Date: 2026-03-11 Context: All-Haskell eval framework for the speculative fund quant pipeline.

1. Design

The eval framework lives in Omni.Fund.Quant.Eval. It’s pure Haskell — no Python anywhere. Uses the same data libraries (Data.Market, Data.Edgar, Data.Fred) as the production signal pipeline, so evals run on the exact same code path.

The eval is a first-class part of the system, not a side script.
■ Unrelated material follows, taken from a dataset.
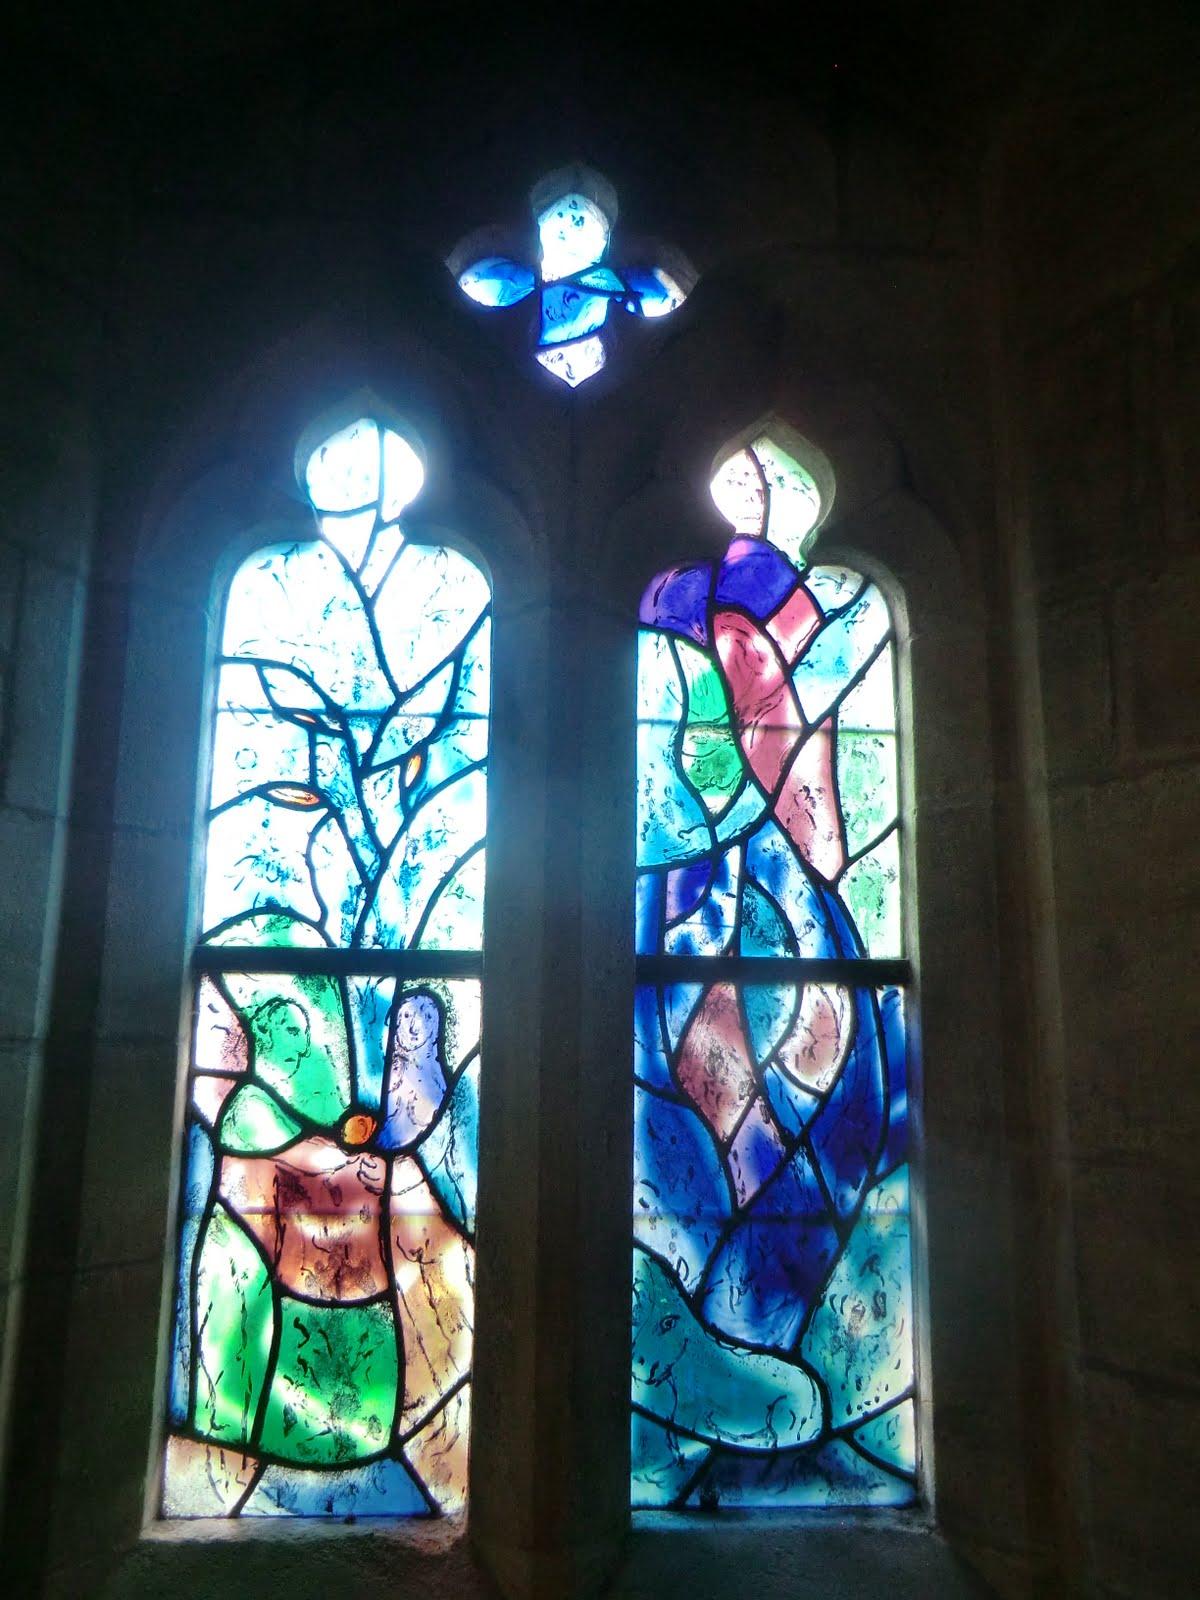 CIMG1559 Chagall window #1, All Saints church

Every signal must pass eval before it influences portfolio weights.

2. Core Eval Types

module Omni.Fund.Quant.Eval where

import Numeric.LinearAlgebra (Vector, Matrix)
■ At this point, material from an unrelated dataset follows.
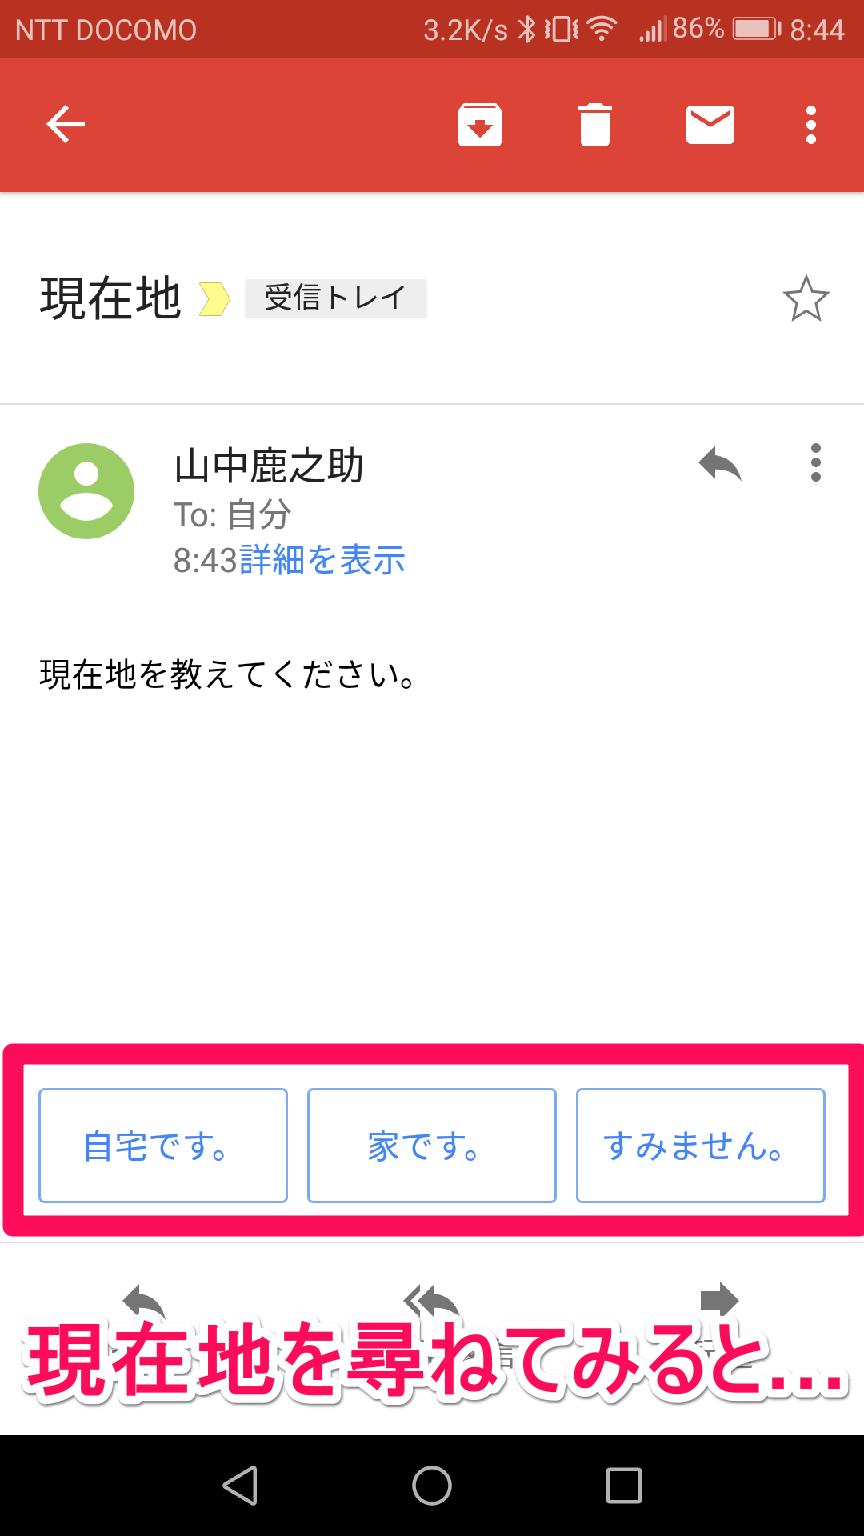 Gmail(ジーメール)のSmart Reply(スマートリプライ)で現在地を尋ねてみた画面

-- | Result of evaluating a single signal type over a historical period.
data SignalEval = SignalEval
  { seName        :: Text           -- signal type name
  , sePeriod      :: (Day, Day)     -- eval period
  , seIC          :: Double         -- mean Information Coefficient
  , seICStd       :: Double         -- IC standard deviation
  , seICIR        :: Double         -- IC / std(IC) — information ratio
  , seHitRate     :: Double         -- % of periods where IC > 0
  , seTStat       :: Double         -- t-statistic: IC / (std / sqrt(n))
  , seNPeriods    :: Int            -- number of rebalance periods evaluated
  , seDecayCurve  :: [(Int, Double)] -- (horizon_days, IC_at_horizon)
  }

-- | Result of portfolio-level backtest.
data PortfolioEval = PortfolioEval
  { peStrategy        :: Text
  , pePeriod          :: (Day, Day)
  , peTotalReturn     :: Double
  , peAnnualizedReturn :: Double
  , peSharpeRatio     :: Double
  , peMaxDrawdown     :: Double
  , peAnnualTurnover  :: Double
  , peWinRate         :: Double      -- % of periods with positive return
  , peCalmarRatio     :: Double      -- annualized return / max drawdown
  }

-- | Walk-forward configuration.
data EvalConfig = EvalConfig
  { ecUniverse      :: [Asset]
  , ecTrainStart    :: Day          -- e.g., 2020-01-01
  , ecTrainEnd      :: Day          -- e.g., 2023-12-31
  , ecTestStart     :: Day          -- e.g., 2024-01-01
  , ecTestEnd       :: Day          -- e.g., 2025-12-31
  , ecRebalanceFreq :: Int          -- days between rebalances (5 = weekly)
  , ecHorizons      :: [Int]        -- forward return horizons to test
  , ecMinIC         :: Double       -- minimum IC to pass (0.02)
  , ecMinHitRate    :: Double       -- minimum hit rate to pass (0.50)
  , ecMinTStat      :: Double       -- minimum t-stat to pass (2.0)
  }

defaultEvalConfig :: EvalConfig
defaultEvalConfig = EvalConfig
  { ecUniverse = sectorETFs ++ crossAssets
  , ecTrainStart = fromGregorian 2020 1 1
  , ecTrainEnd = fromGregorian 2023 12 31
  , ecTestStart = fromGregorian 2024 1 1
  , ecTestEnd = fromGregorian 2025 12 31
  , ecRebalanceFreq = 5
  , ecHorizons = [1, 5, 10, 20, 40, 60]
  , ecMinIC = 0.02
  , ecMinHitRate = 0.50
  , ecMinTStat = 2.0
  }

3. Layer 1: Extraction Accuracy

Tests that data libraries return correct values and signal functions compute correctly on known inputs.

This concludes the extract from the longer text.